I say again, "Garden, go back to sleep".  There will be time later for all this foolishness.  Let sleeping gnomes lie.

Thursday, March 24, 2016

Spring Is Canceled

Let this post serve as a double warning to gardeners and other fragile souls downwind from Manhattan, Kansas.  Give up hope.  I mean it.  Forget about your previous rules regarding planting potatoes or peas on Saint Patrick's day.  Forget about a harvest of peaches or apples or apricots for the coming year.  Forget about any passion you hold inside in hopes of a great gardening year.

Spring-like weather in the past two months had us completely fooled, and by "us" I mean both the gardener and his plants, into thinking that winter had fled and better times were on the way.   We haven't seen rain for months, but I went to bed happy that some moisture was predicted overnight.  A vast hoax, however, has been perpetrated upon me.  I woke up to subfreezing temperatures, blizzard winds, and the scene below in my backyard this morning and loudly spouted a few words that I won't repeat here in case there are children within earshot.

I'll let the picture-heavy text below speak for itself in lieu of me trying to find the words to express despair.


The cranes felt that they'd come too far north and they were not happy.


This photo of lilac 'Annabelle', just coming into bloom, is reminiscent of the photo that appears on the cover of my book, from 2007.














My front garden looks just as bad:  The forsythia is still bright, but the various plants covered by snow here include sedums, daylilies, Monarda, peonies, and roses.





The daffodils were on their way out anyway, but I have to say goodbye to these beautiful scragglers.


Kon-Tiki Head was not pleased at his northeastern exposure.  Neither were the fully-leafed-out roses in his vicinity.


The only cheerful bright spot in the now-winterized landscape are these variegated iris.  I wonder if they will still look this cheery by next week? 


 







Anyway, there are other photos that I may add later, but they're just as depressing as these examples.
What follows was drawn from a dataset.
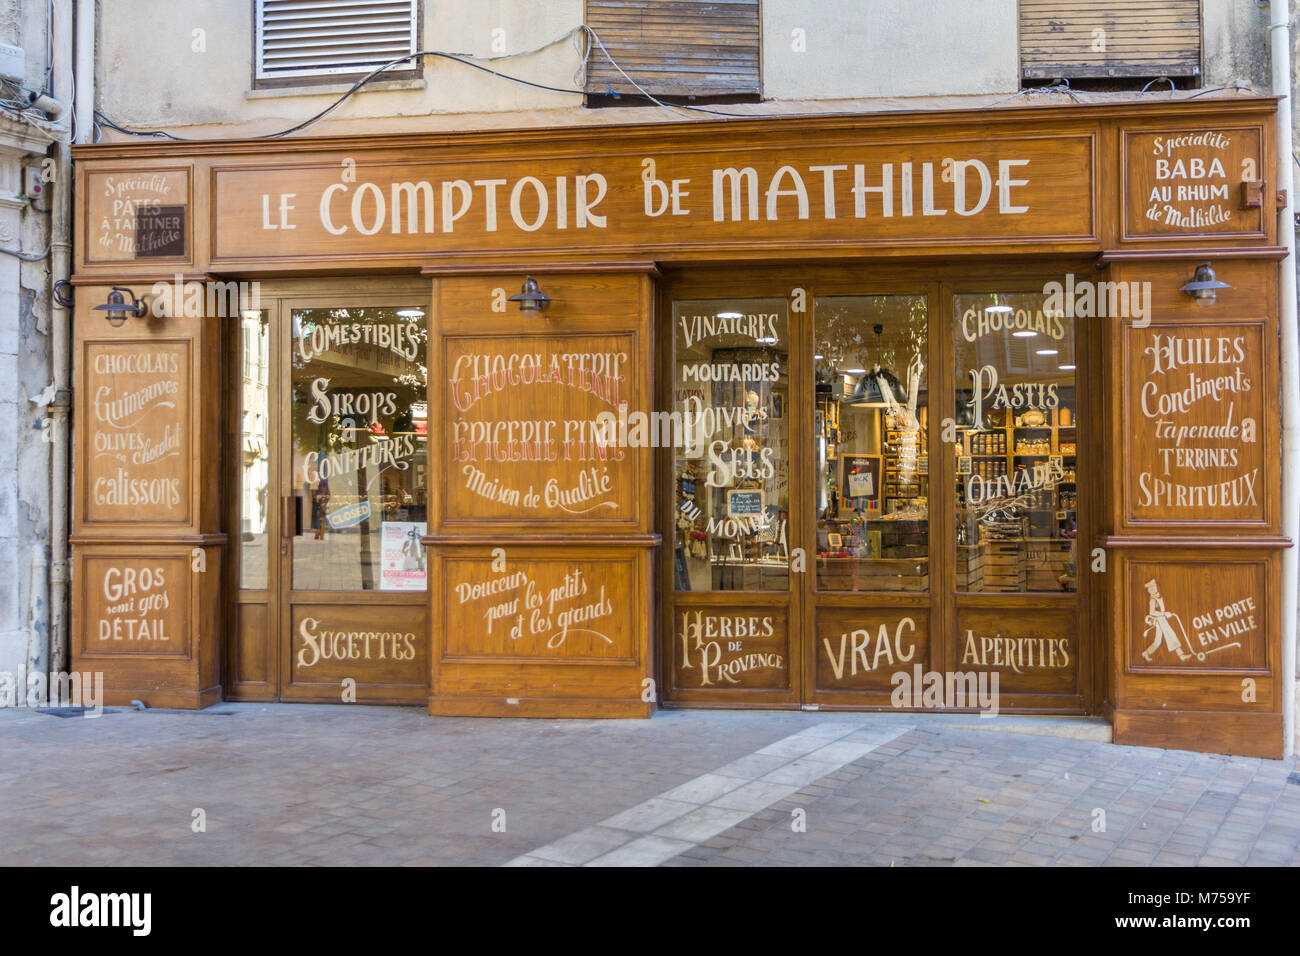 Le Comptoire de Mathilde, Shop, Toulon, Frankreich Stockfoto

I could show, for instance, a photo of the clump of Puschkinia that I highlighted in my last entry, but it is just a blob beneath the snow, no flowers to be seen.   I'm sorry for the dark nature of these photos but I waited for morning as late as I dared before grabbing these pictures and rushing on to work.  That being said, the gray tones match my mood, so why not let them convey the despair?

Oh, at the beginning I mentioned a double warning and only gave you one.  The second warning, other than the lousy weather coming your way, is this:  NEVER TRY TO GARDEN IN KANSAS!